[INSTRUCTIONS TO FOLLOW]
Reproduce the full listing below unchanged, apart from the pictures.

[DATA SECTION]
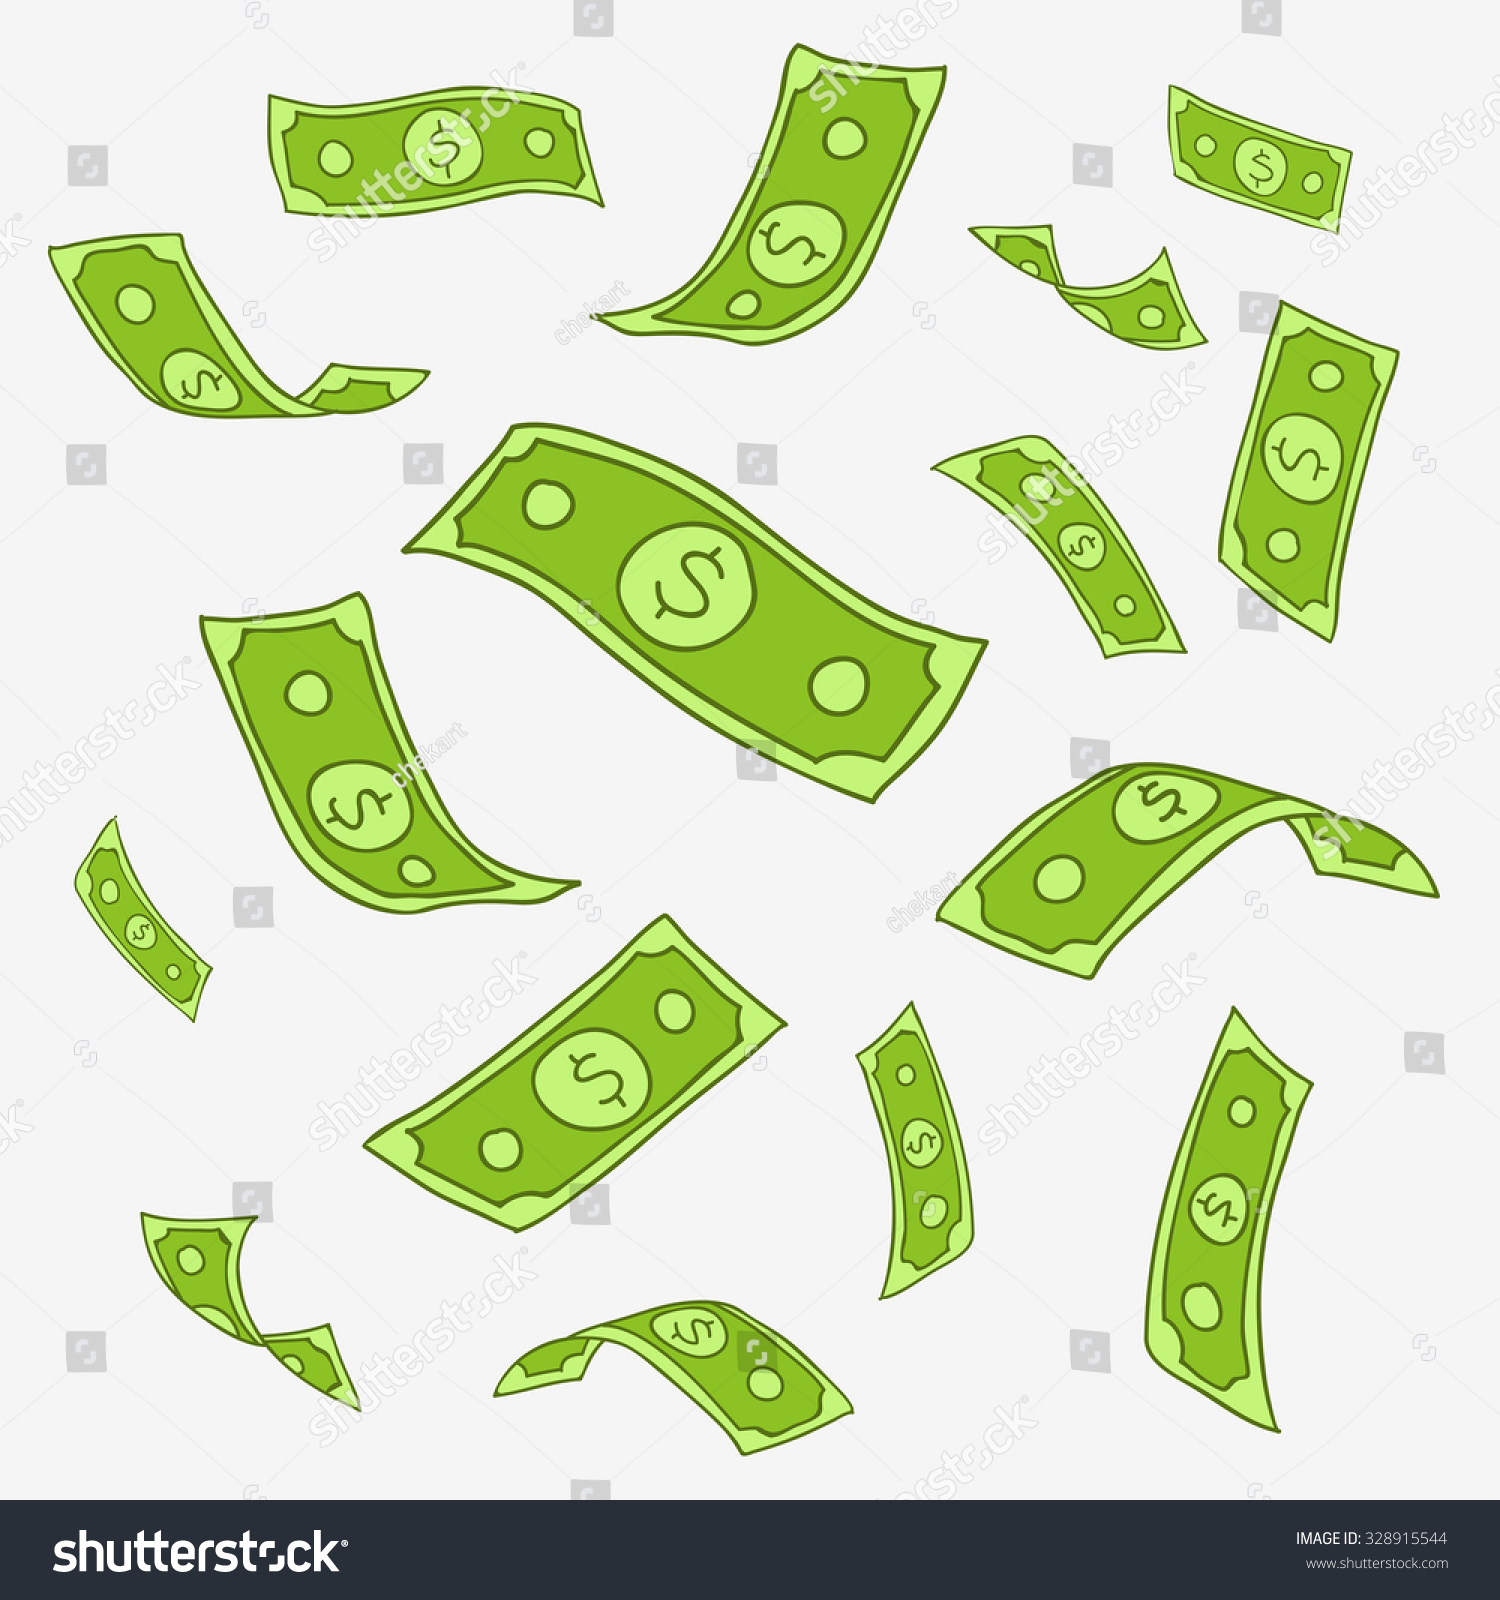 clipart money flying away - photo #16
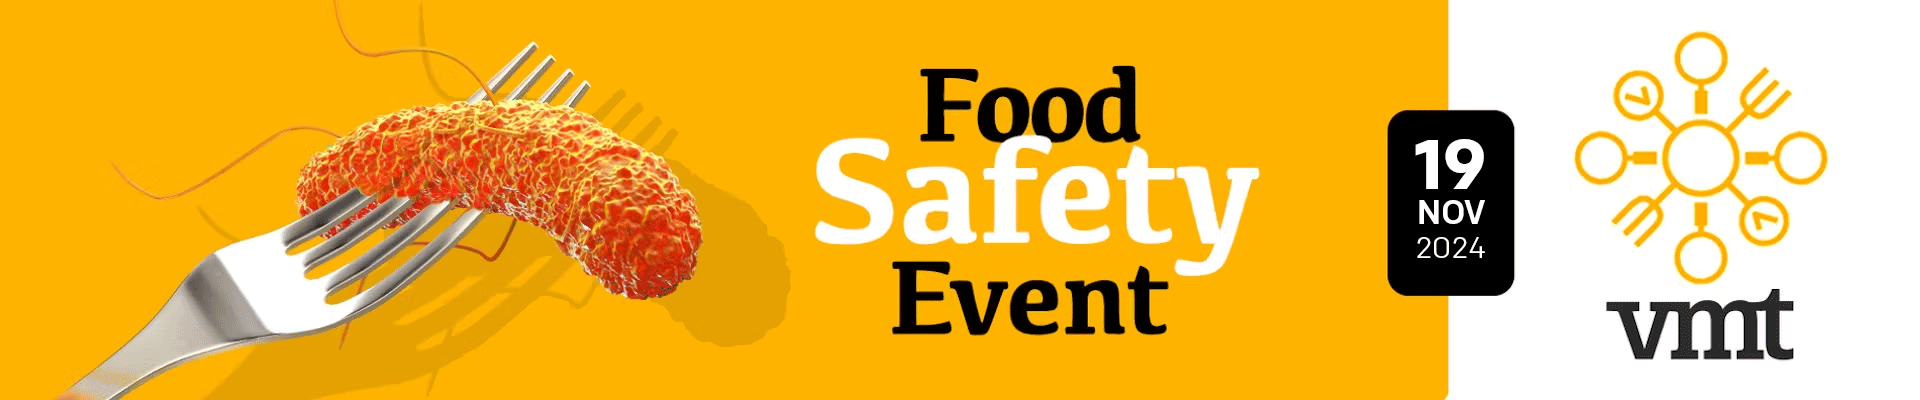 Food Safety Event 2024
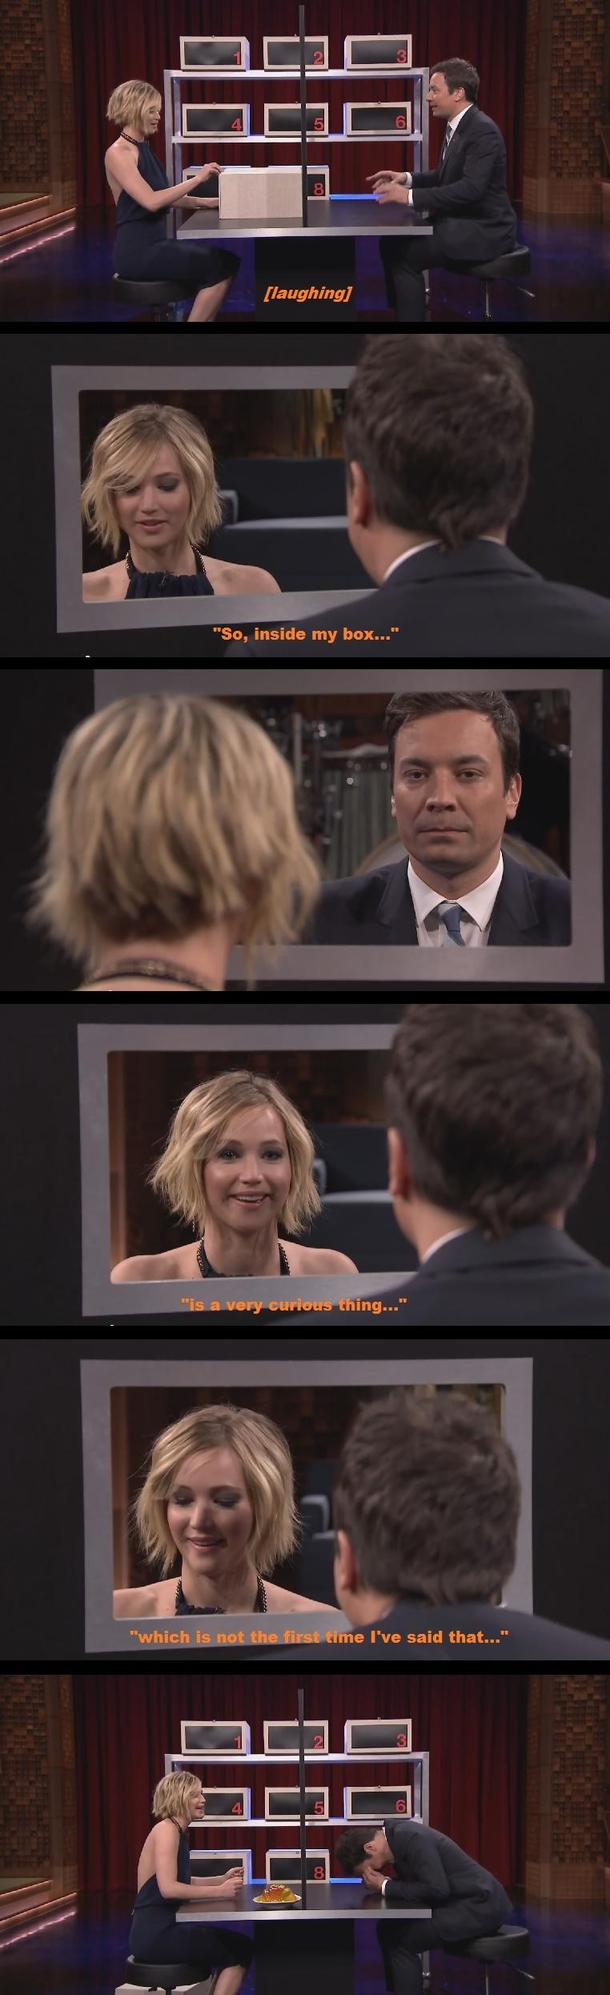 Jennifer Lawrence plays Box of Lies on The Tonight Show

[COMPLETED TASK]
 clipart money flying away - photo #16
 Food Safety Event 2024
 Jennifer Lawrence plays Box of Lies on The Tonight Show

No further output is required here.